石原政治では、こうした長所と短所が別々に存在していたのではなく、しばしば同じ性質の裏表として現れた。

だから評価が割れる。

そして、その評価の割れ方そのものが、石原慎太郎という人物の特徴だったともいえる。

23歳で『太陽の季節』によって世間を騒がせた若い作家は、その後も長いあいだ文章を書き続けた。

同時に政治家になり、国会へ入り、閣僚を務め、総裁選にも挑み、一度は政治の世界を去った。

そして66歳で再び東京という場所に立った。

そこには日本最大の人口と企業集積があり、巨大な行政組織があり、テレビカメラがあり、国政へ届く影響力があった。

「東京から日本を変える」という言葉ほど、石原慎太郎がなぜ東京都知事という職を選んだのかを簡潔に表したものはない。

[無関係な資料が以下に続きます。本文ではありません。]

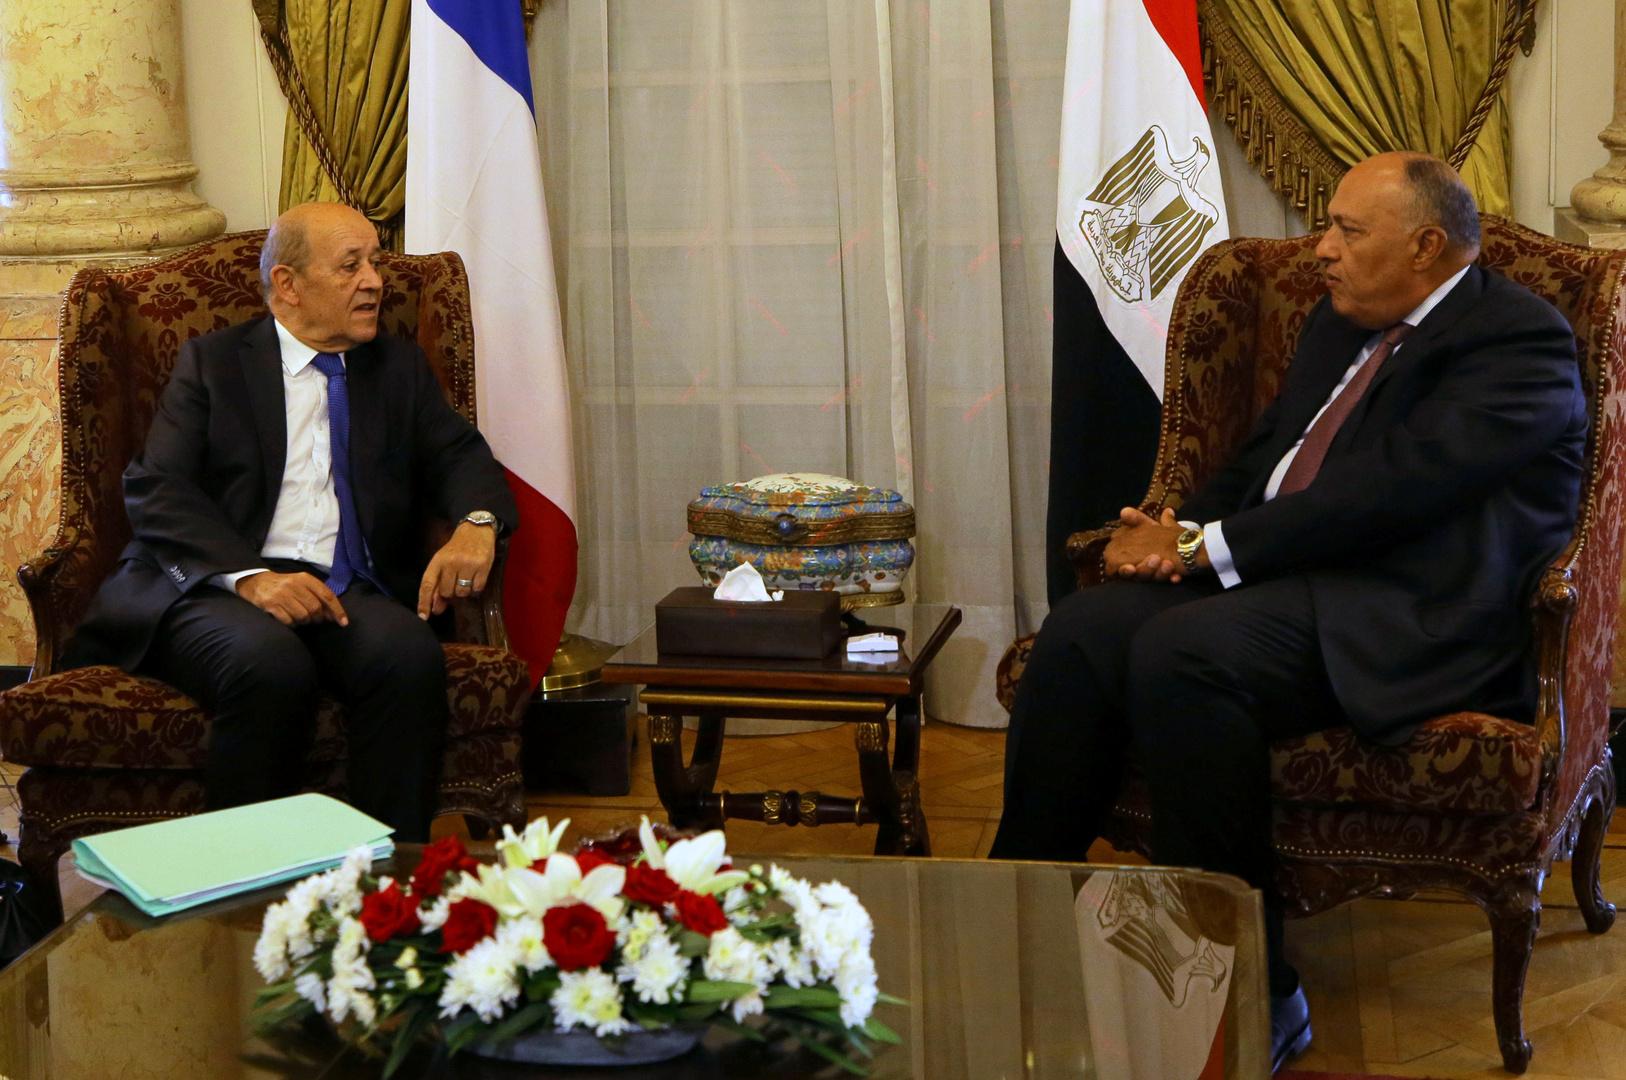 مصر وفرنسا تؤكدان عدم مشروعية توقيع السراج مذكرتي التفاهم مع تركيا

東京は地方自治体でありながら、日本そのものに向かって語ることのできる場所だった。

言葉によって社会を刺激してきた作家にとって、これほど大きな舞台はなかったのだろう。

石原慎太郎にとって東京とは、最後に見つけた巨大な原稿用紙だった、と表現することもできる。

ただし、小説と違って、その原稿用紙の上には一千万人を超える人々が実際に生活していた。

石原慎太郎の政治を評価するとき、最後まで忘れてはならないのは、おそらくその違いなのである。